Terms represent concepts, but it is the concepts themselves and their relationships, not the terms, that constitute the thesaurus.

Terms are related to one another in three different ways:

Hierarchy
A term always has an "is a" relationship with its broader term (BT); a narrower term (NT) can always be said to be "a type of", "a part of", or "an instance of" the parent term.
Preference
For a given concept, one term is chosen as the preferred term or label, and is referred to as the descriptor. Other terms that refer to the same concept are referred to as lead-in terms or non-preferred terms. A non-preferred term is not necessarily a synonym of the preferred term.

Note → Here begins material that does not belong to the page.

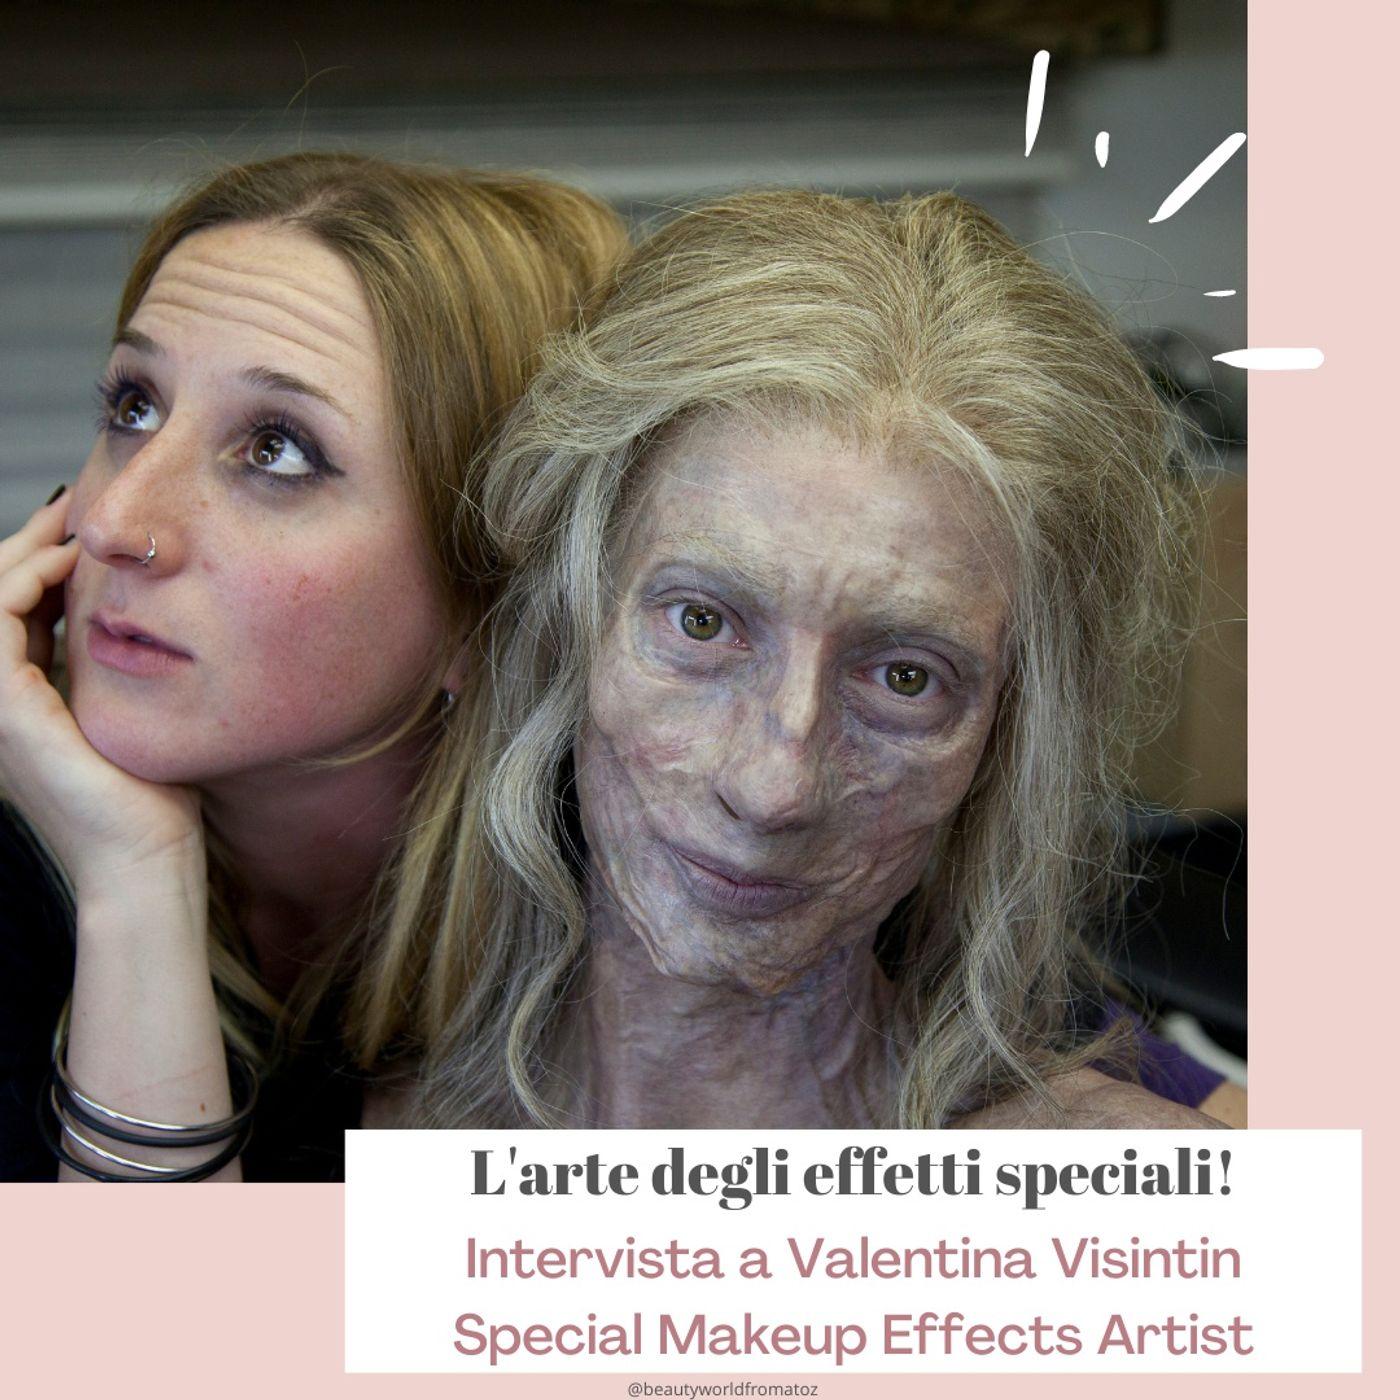 Ep. 30. L'arte degli Effetti Speciali - Intervista a Valentina Visintin, Special Makeup Effects Artist

We also support a USE-WITH relationship in which a non-preferred text is associated with two descriptors. An example is "soil pollution" USE "contamination and pollution" WITH "soil resources".

Generic relationships
Where concepts are related in some way that cannot be expressed as an "is a" sentence, the thesaurus simply connects one term to another without specifying the nature of the relationship. This is different from more elaborate knowledge-management systems such as topic maps or ontologies in which such generic relationships are always identified and categorized.
Is there only one thesaurus?
No. It is helpful to use different controlled vocabularies for the purposes they serve best. Science Topics currently uses the following thesauri:
TypeThesaurus nameInterface
theme USGS Thesaurus PHP AJAX
feature Alexandria Digital Library Feature Type Thesaurus PHP AJAX
place Common geographic areas PHP AJAX
lithology Lithclass 6.2 PHP
What is the purpose of the USGS Thesaurus?
The USGS Thesaurus is specifically intended to help people outside USGS find information on USGS web sites without specific knowledge of the organizational structure and operations of the USGS. For those inside USGS, the thesaurus provides a source of consistent index terms that spans the full range of USGS activities; such terms can be used to refine or clarify labels, to support internet search, and the relationships among them suggest linkages across programs.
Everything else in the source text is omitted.